Yeah, when it came out, it kind of messed up our album cycle. It wasn't a problem per se, but it's just that we didn't plan for it at all, it kind of got in the way. And the label panicked and said "What are we going to do?!" I told them we weren't going to do anything. It was already out of our control, already naturally present on TikTok, what could we do? As we didn't want to damage the Impera promo, but we didn't want to lose the song "Mary On A Cross" either, we did the bare minimum, but our priority was really to get back to what we wanted to do as soon as possible at that point, which was to focus on our Impera. And then, from a pragmatic and slightly cynical point of view, we didn't want our historical fans to think that we were going to stop everything to please these newcomers who discovered the band via TikTok.

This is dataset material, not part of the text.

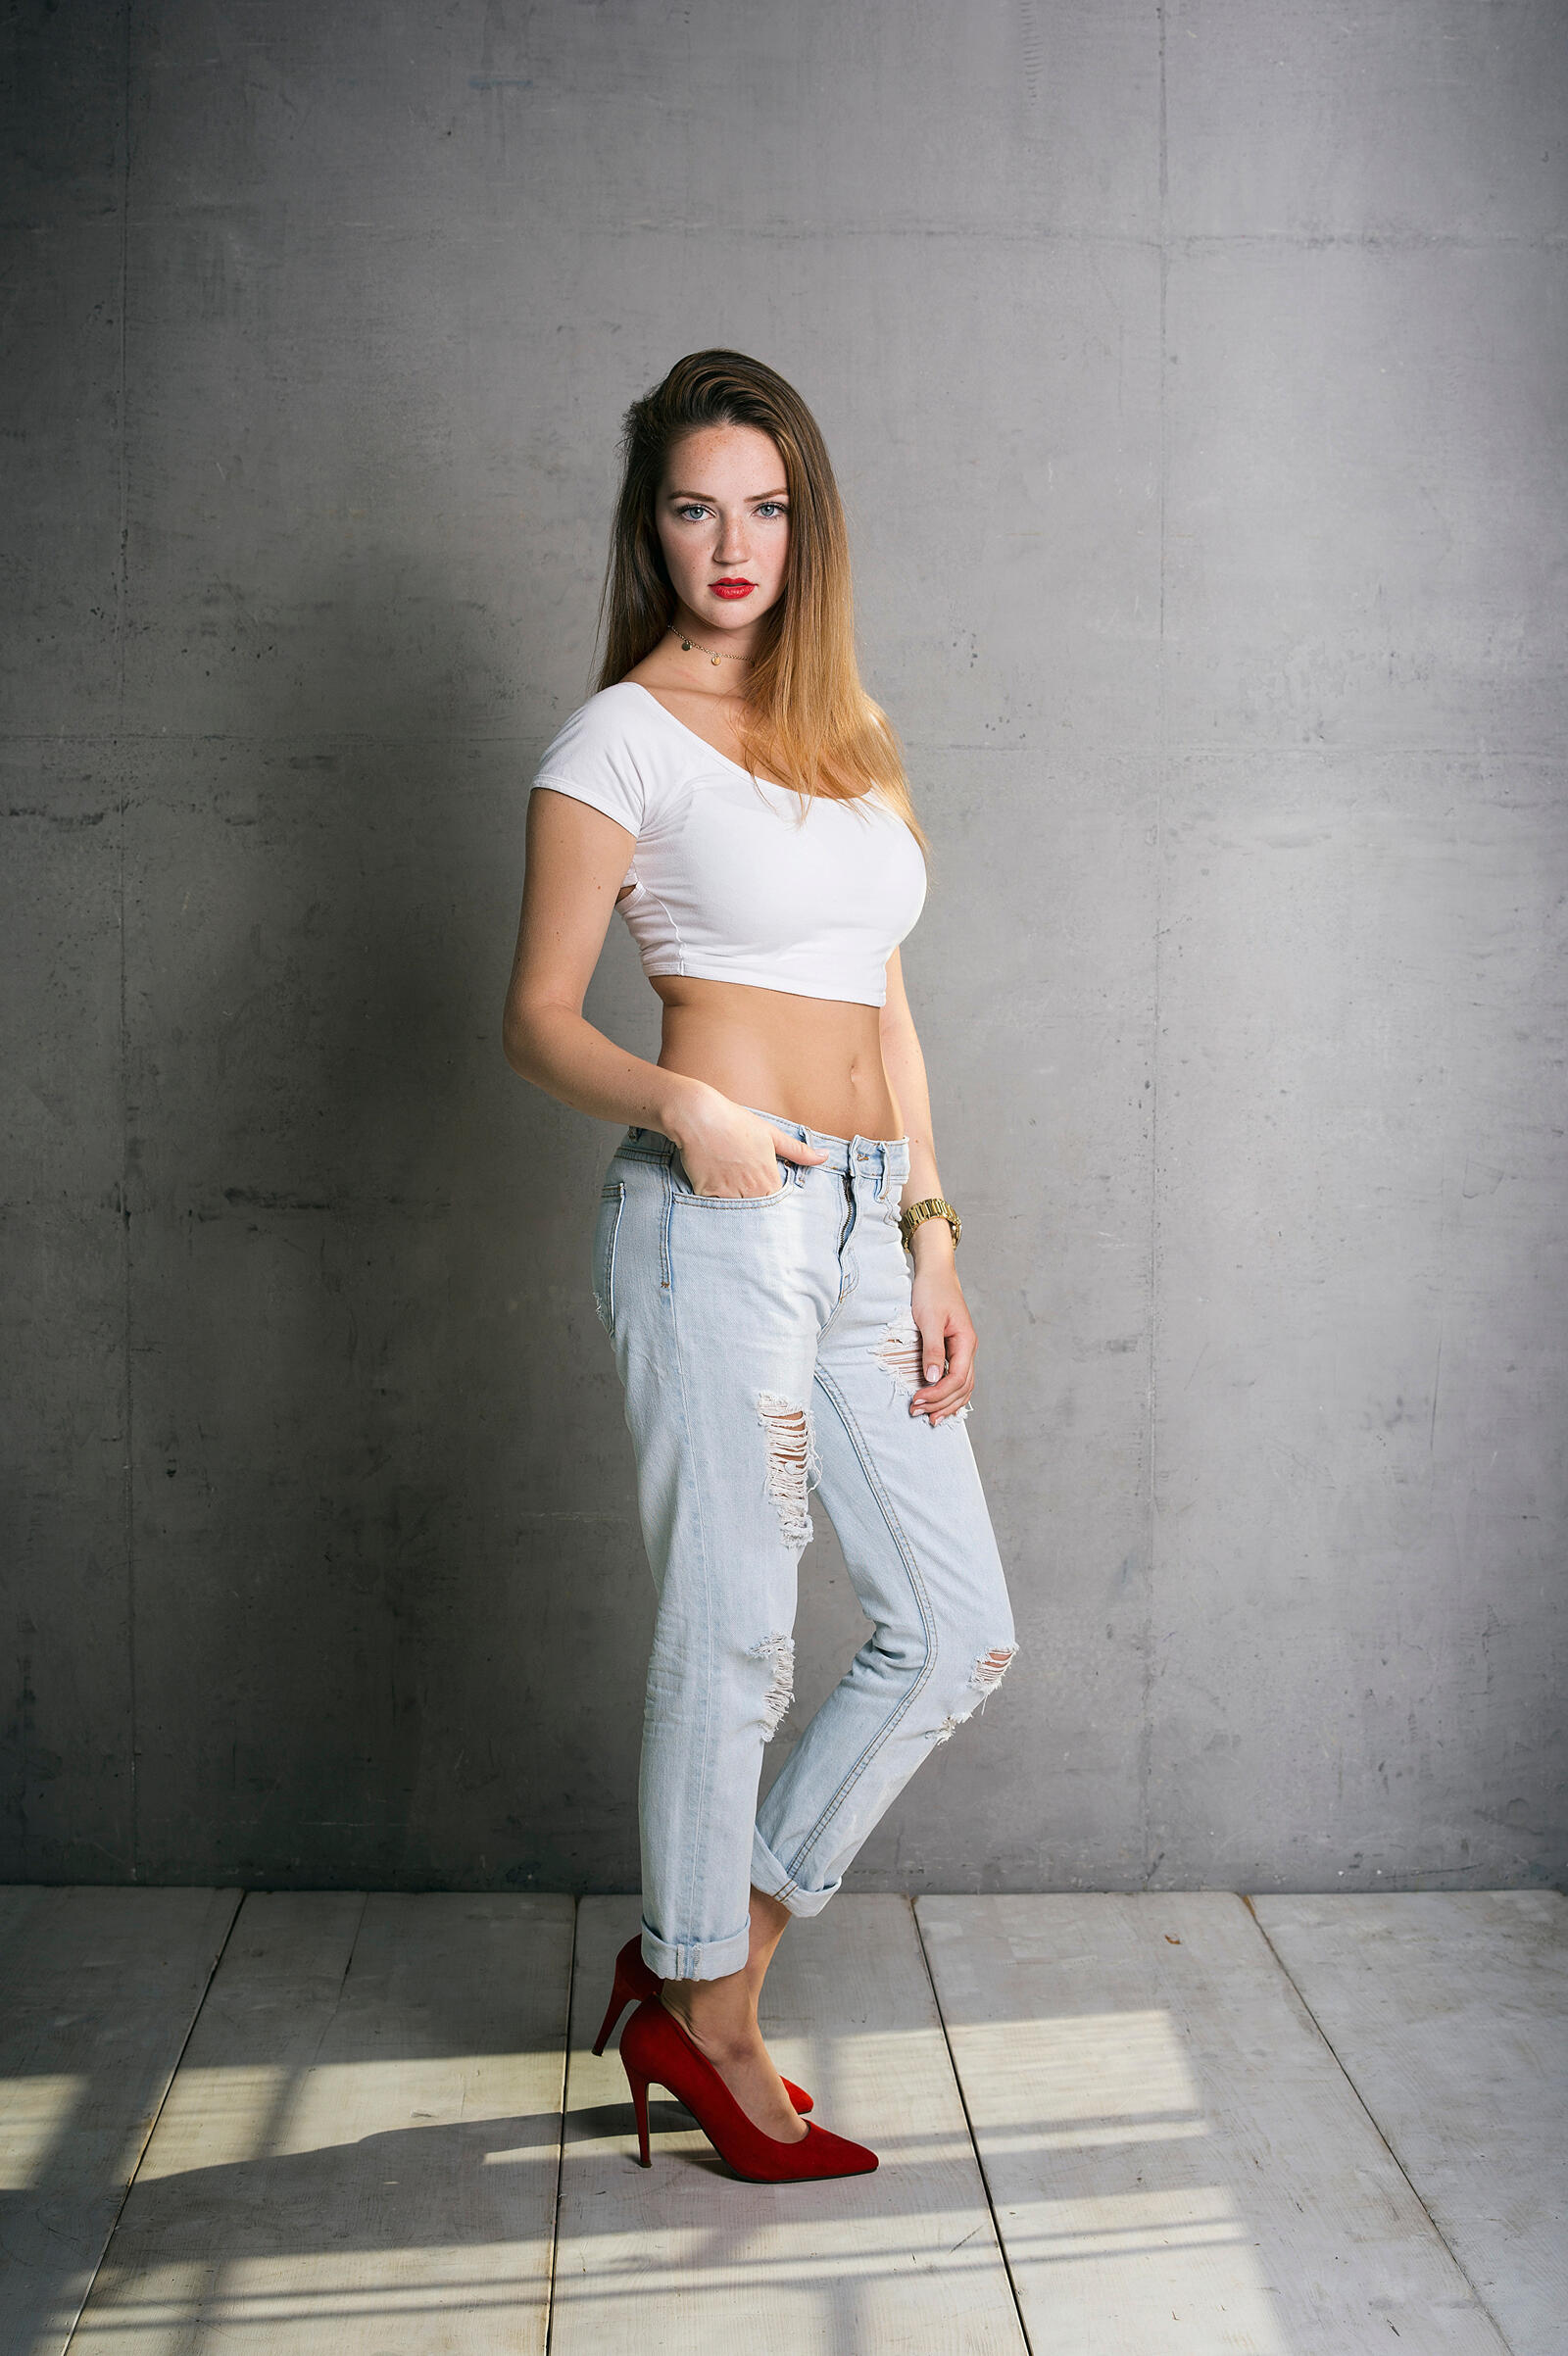 Wallpapers young woman posing jeans on the desktop

As far as Impera is concerned, I only realised today that it was an anniversary. Looking back, I can see that the cycle that started with this album, from its release to the tours, has been one of the most important in the history of Ghost, and that's really great. Now we're preparing for the next tour, which will start at your place [the Re-Imperatour kicks off this Sunday, May 21st in Rouen], and there are future projects that we're trying to work on. It's been a year since the record came out, but really it's been two years since the recording, and now it's time to move on to the next thing... things will start moving in the autumn, I hope.
Are you talking about the sixth Ghost album?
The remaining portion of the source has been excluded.